The two bishops of Virginia have praised the new transgender and parental rights school policies recently implemented by Virginia Republican Gov. Glenn Youngkin, calling them a “considerable improvement” and a “much needed” change to earlier state education guidelines. 

The new policies, released last month, affirmed that parents will maintain the right to considerable oversight of their children while they are enrolled in public schools. The state also addressed several key questions related to school policies regarding transgender-identifying students.

The model policies stipulate that school rules “shall be drafted to safeguard parents’ rights with respect to their child and to facilitate the exercise of those rights.” Schools are ordered to keep parents closely abreast of their children’s well-being while in school.

The rules further affirm that parents, not schools, will decide if their child is permitted to indulge in a “transgender” identity, including dressing and identifying as the opposite sex.

Students will also be broadly expected to “use bathrooms that correspond to [their] sex,” settling another contentious dispute surrounding children who claim to be the opposite sex.

In their joint statement, Richmond Bishop Barry Knestout and Arlington Bishop Michael Burbidge called the rules “a considerable improvement and much-needed remediation of the policies put in place by the prior administration” of Democrat Ralph Northam. 

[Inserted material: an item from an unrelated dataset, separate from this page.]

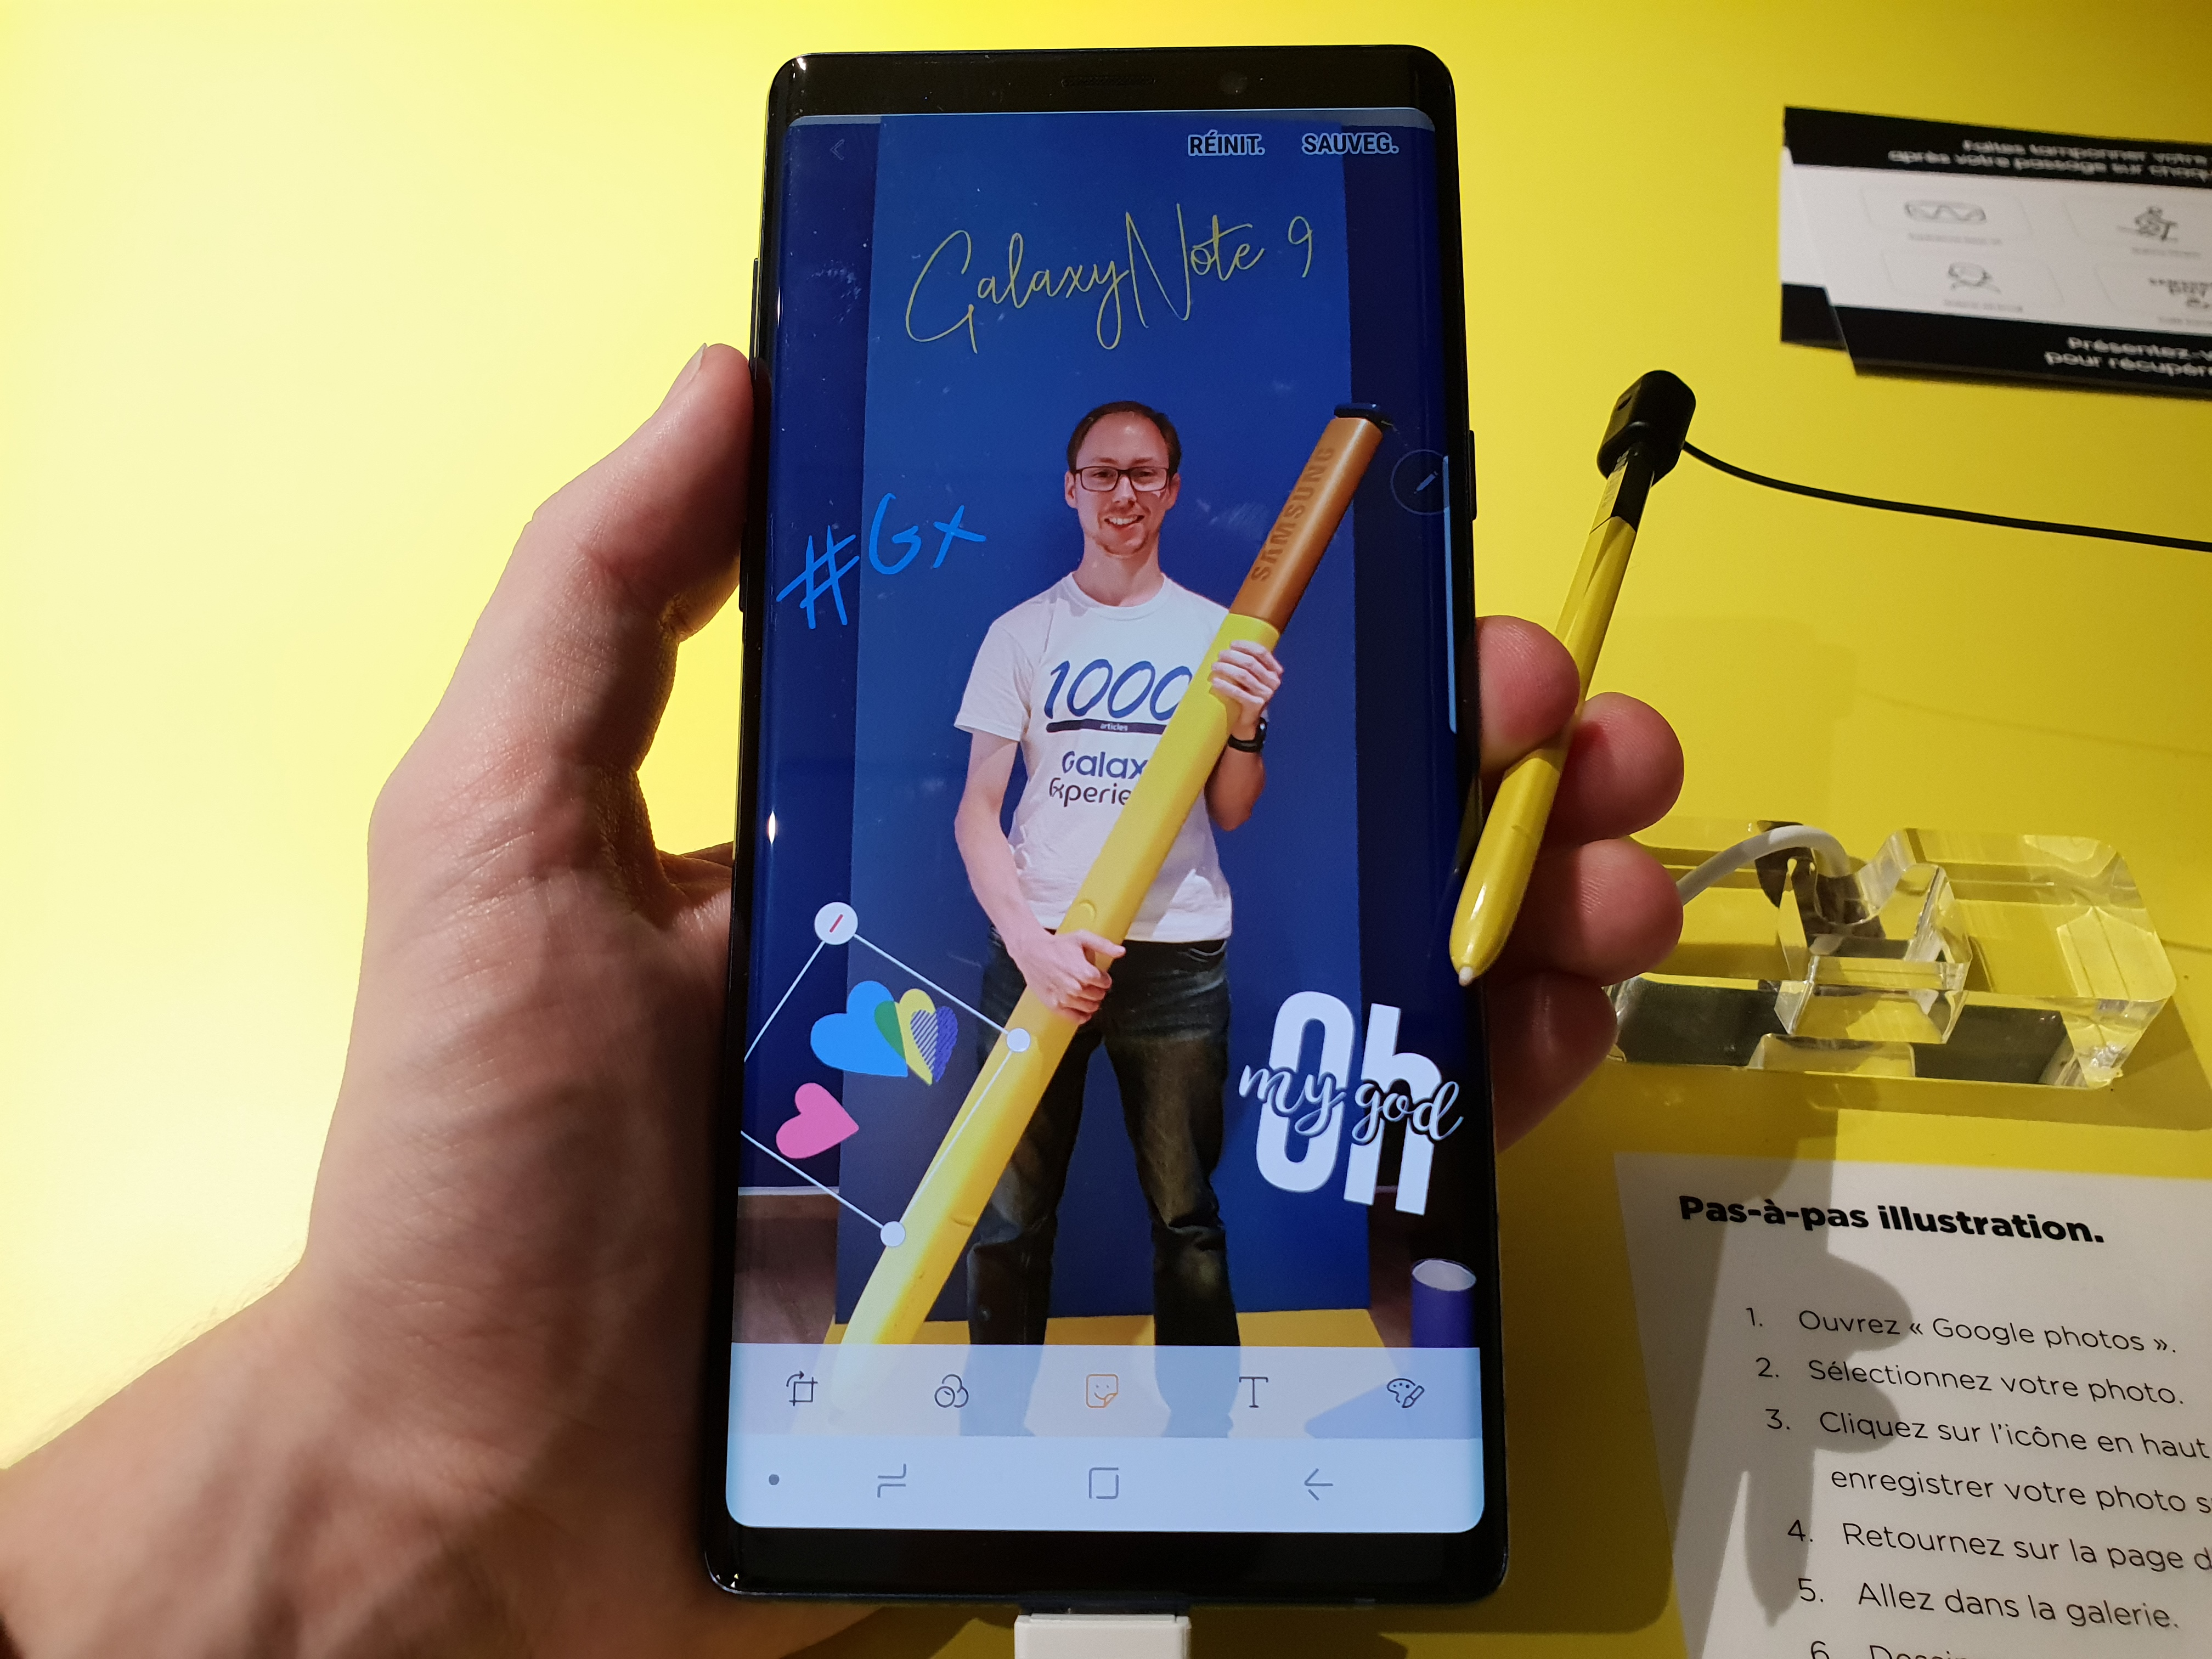 #SamsungParis - Galaxy Note 9 - Illustrations

“The new policies enhance transparency for parents and restore their primary role in the education, care, and health of their children,” the prelates wrote. 

“They affirm and protect the dignity and safety of every student. They also respect the religious liberty and conscience rights of all members of Virginia’s public school community.”

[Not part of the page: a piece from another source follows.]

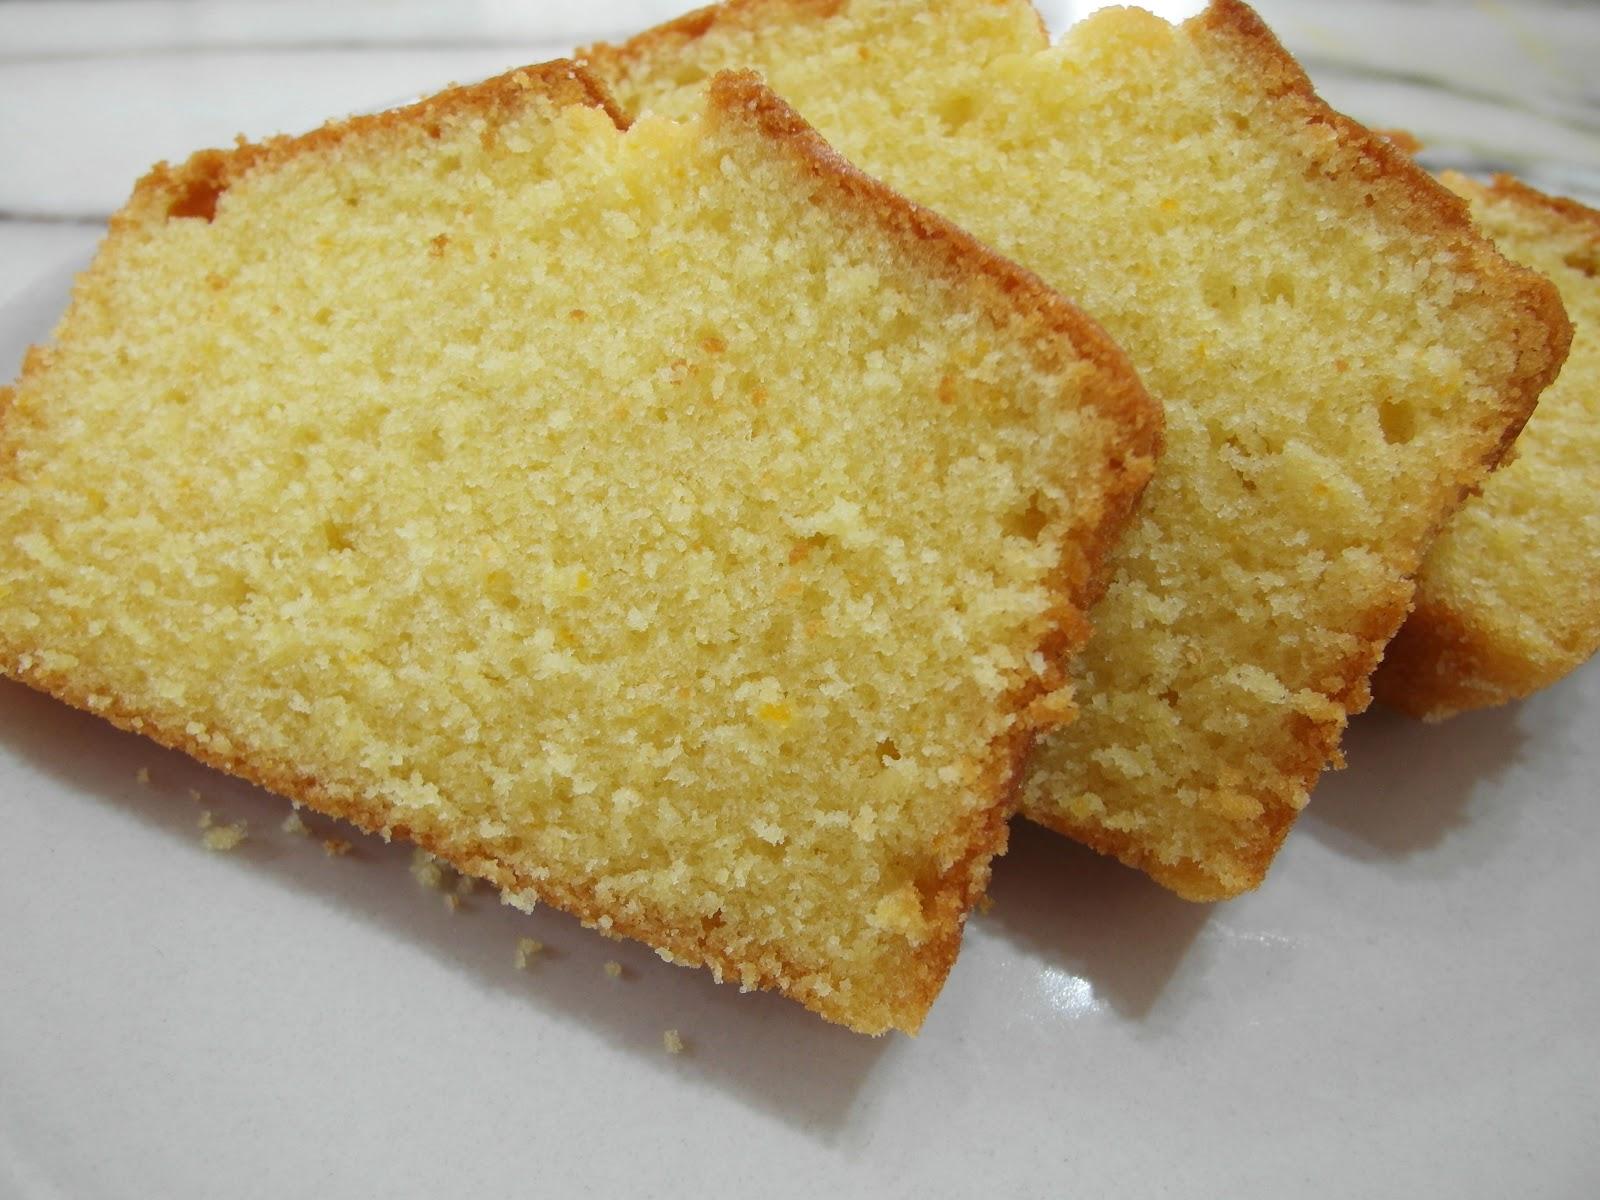 Baking Library: Back to Basics - Orange Butter Cake

“We urge parents whose children attend Virginia public schools to become familiar with the updated policies, to engage in discussion about them at the local level, and — most importantly — to embrace their critical role in the lives of their children at home and at school,” the bishops added. 

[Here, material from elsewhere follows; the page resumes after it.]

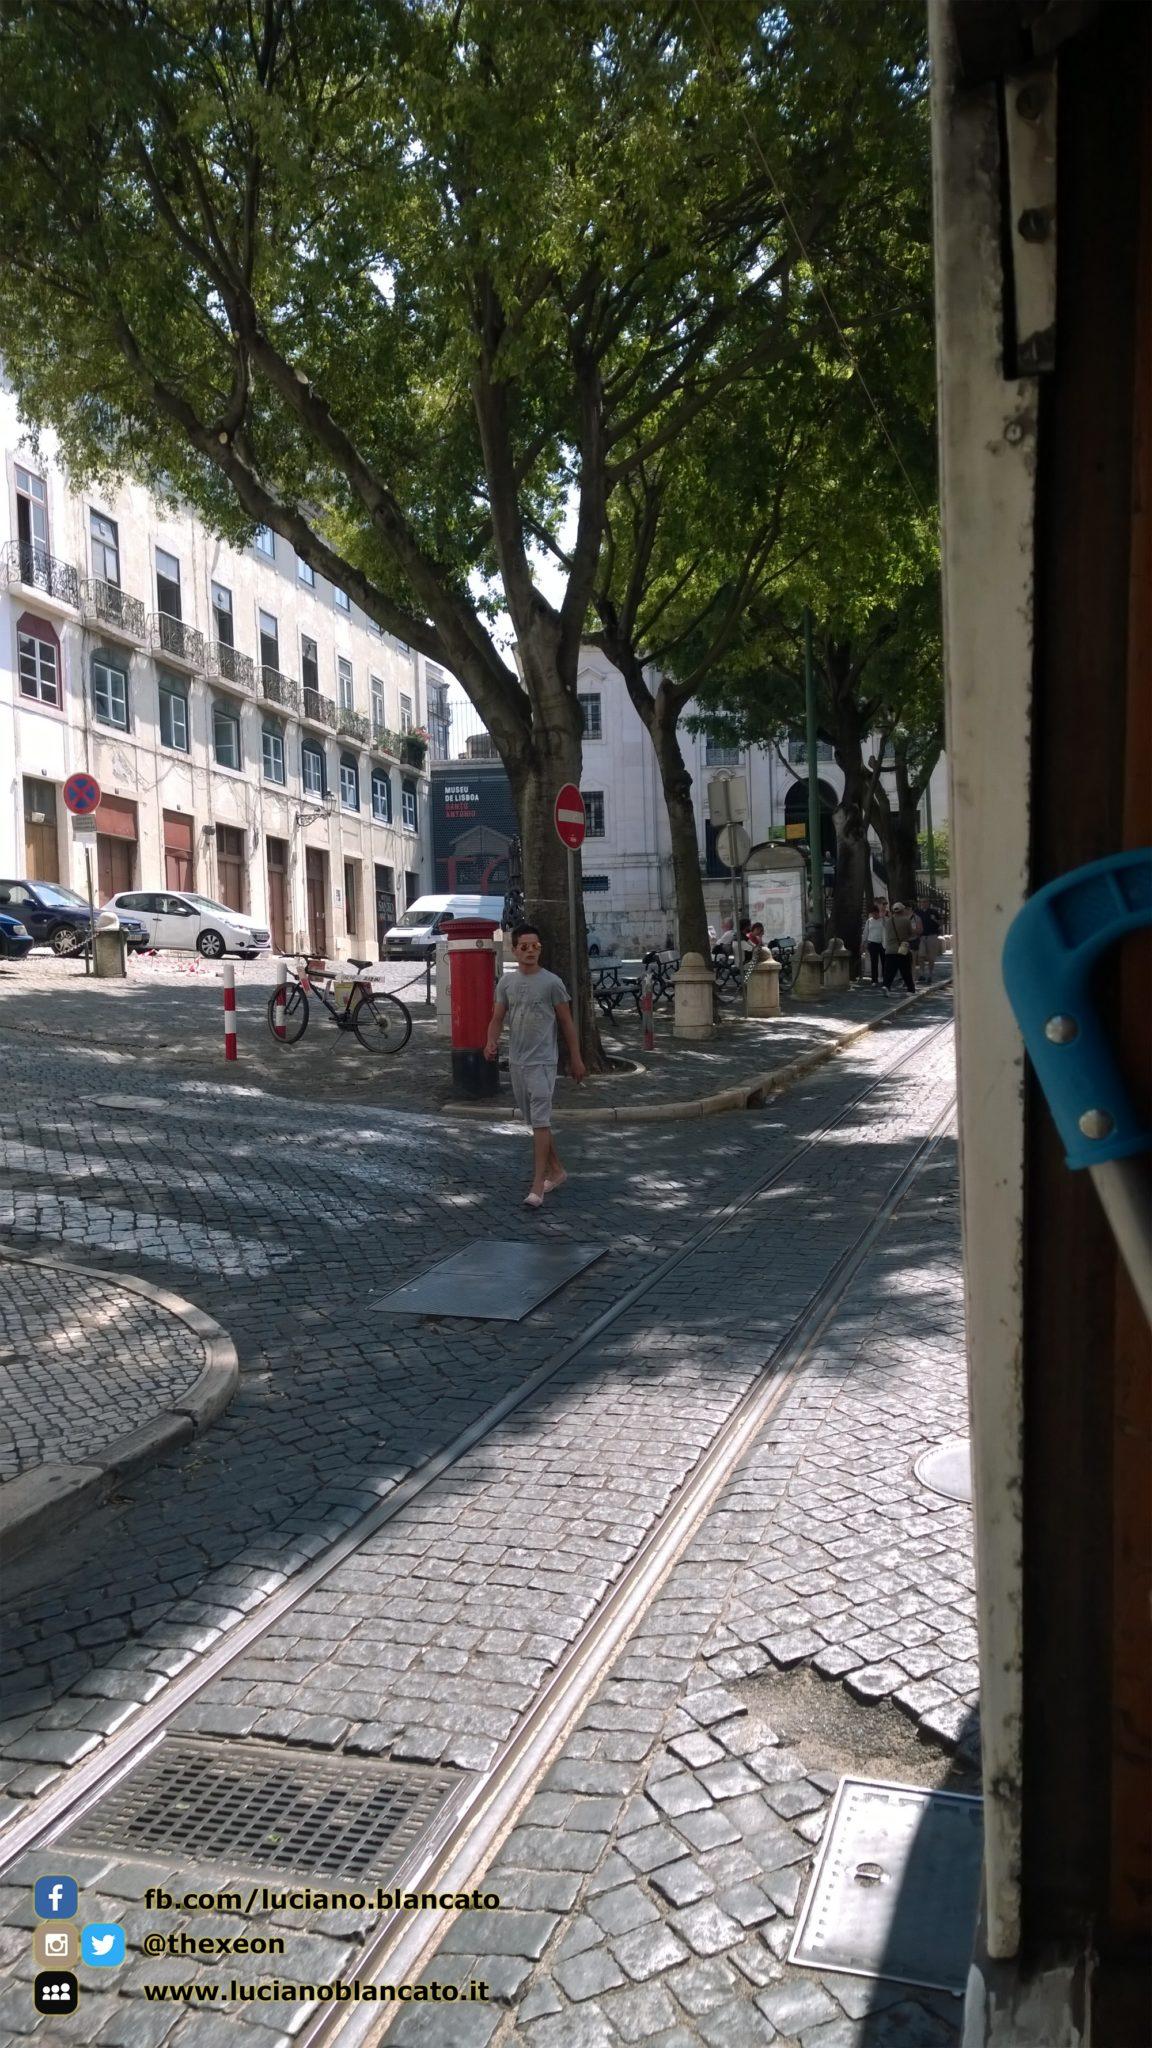 Lisbona - Piazza davanti al Museu Antonio Museu de Lisboa - Santo António

The rules generated blowback last month from left-wing and LGBT advocates. Many activists have called for schools to be permitted to hide a child’s “transgender identity” status from his or her parents; advocates have also called for students to be permitted to use the bathrooms of the opposite sex if they identify as a member of that sex. 

Narissa Rahaman, the executive director of the pro-LGBT group Equality Virginia, said in a statement to school officials last month that the group would do “everything in our power to make sure your school district rejects [the new rules].”

Youngkin in an interview with the Associated Press last month stressed that schools can still play a supplementary role in the well-being of young students behind that of parents.

“What we’re not saying is that trusted counselors and other trusted adults in a child’s life should be excluded,” he told the news wire. “What we are ... saying is that parents just need to be involved and are the first stop.”